Ranzinger fails to teach
for each search query, selecting image search results of the first set of image search results having a respective metric over a predetermined threshold to add to a respective selected subset of image search results.
Jing teaches
for each search query, selecting image search results of the first set of image search results having a respective metric over a predetermined threshold to add to a respective selected subset of image search results (Jing, col. 3, lines 66-67; col. 4, lines 1-5: “associations between images and labels can also be determined based upon image search queries and/or the resulting image sets generated; when considering queries and result sets, user click data such as the one or more images that were selected (e.g. clicked on) by a user in response to the query result may be used to refine any determined associations; Jing, col. 8, lines 11-29:“a label aggregator 138 may analyze labels 111 or weighted labels 115 for the images in image groups 114 corresponding to trained classifiers 113 that returned scores greater than or equal to threshold 119; for each of image groups 114 with scores exceeding threshold 119 for a new image, label aggregator 138 may compare and aggregate those labels that occur most often and/or that have the greatest weight amongst the images of the image groups 114; according to an embodiment, label aggregator 138 may aggregate all the labels and/or their associated weights to determine which labels 111 or weighted labels 115 should be associated with or annotated to an incoming image; in an embodiment, the label aggregator 138 may perform additional functions and/or filtering to determine how to annotate an incoming image; for example, label aggregator 138 may determine how many times a label appears in the selection of image groups 114 exceeding threshold 119, and those labels that appear fewer than a certain number of times may be discarded and/or only the top five, ten or other number of labels may be used”).

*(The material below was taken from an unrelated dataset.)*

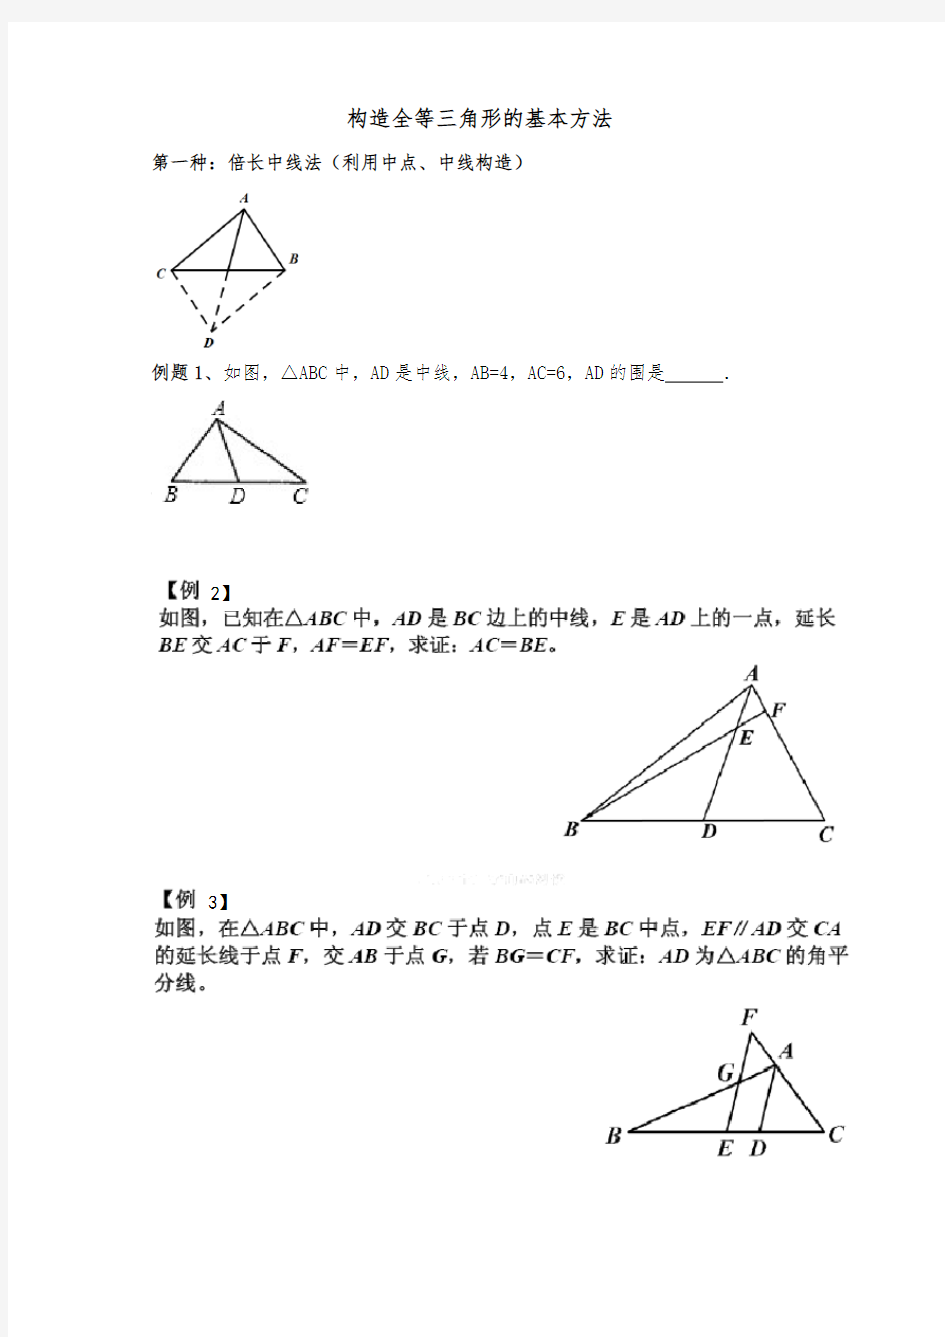 构造全等三角形的基本方法

Ranzinger, in view of Jing, fails to teach
clustering the query vectors into a plurality of query vector clusters, and for each of the query vector clusters, associating a second set of image search results, the second set of image search results including the respective selected subsets of image search results associated with the query vectors that are part of each of the respective query vector clusters.
Li teaches
clustering the query vectors into a plurality of query vector clusters (Li, col. 6, lines 5-7: "training vectors for each of the visual media files may be clustered into a number of clusters according to a clustering algorithm, for example, using k-means clustering"; Li, col. 9, lines 10-23: "multi-dimensional space 330 is dense, including clusters 340-1 and 340-2 (hereinafter, collectively referred to as “clusters 340”), of closely related vectors 331 and 332, respectively; each cluster 340 may be associated with visual media files belonging in a class of visual media files for a common, or similar text descriptor (e.g., caption, or keyword); further, each cluster 340 may be associated with a conceptual representation of the visual media files in the cluster (e.g., based on a caption or keyword associated with the visual media file in annotated training database 250); accordingly, multi-dimensional space 330 may be separated in two or many more clusters 340, each cluster 340 grouping together visual media files expressing a coherent idea, as expressed in a keyword, caption, or text descriptor"; see FIG. 3; visual media files includes images; training vectors are similar to query vectors); and
for each of the query vector clusters, associating a second set of image search results, the second set of image search results including the respective selected subsets of image search results associated with the query vectors that are part of each of the respective query vector clusters (Li, col. 8, lines 49-52: "multi-dimensional space 330 may include a visual media file vector space having visual media file vectors 331, 335a, 335b (hereinafter collectively referred to as “vectors 335”), and 332"; see FIG. 3, some vectors including the associated images from the entire collection are excluded from the clusters 340-1 and 340-2 (dots outside the clusters)

    PNG
    media_image3.png
    849
    995
    media_image3.png
    Greyscale
).
It would have been obvious to a person having ordinary skill in the art before the time of the effective filing date of the claimed invention of the instant application to modify the method for training a machine learning Algorithm (MLA) for categorization of images, as taught by Ranzinger, to include the step of selecting, for each search query, image search results of the first set of image search results having a respective metric over a predetermined threshold to add to a respective selected subset of image search results, as taught by Jing, and to include the step of clustering the query vectors into a plurality of query vector clusters, and for each of the query vector clusters, associating a second set of image search results, the second set of image search results including the respective selected subsets of image search results associated with the query vectors that are part of each of the respective query vector clusters, as taught by Li.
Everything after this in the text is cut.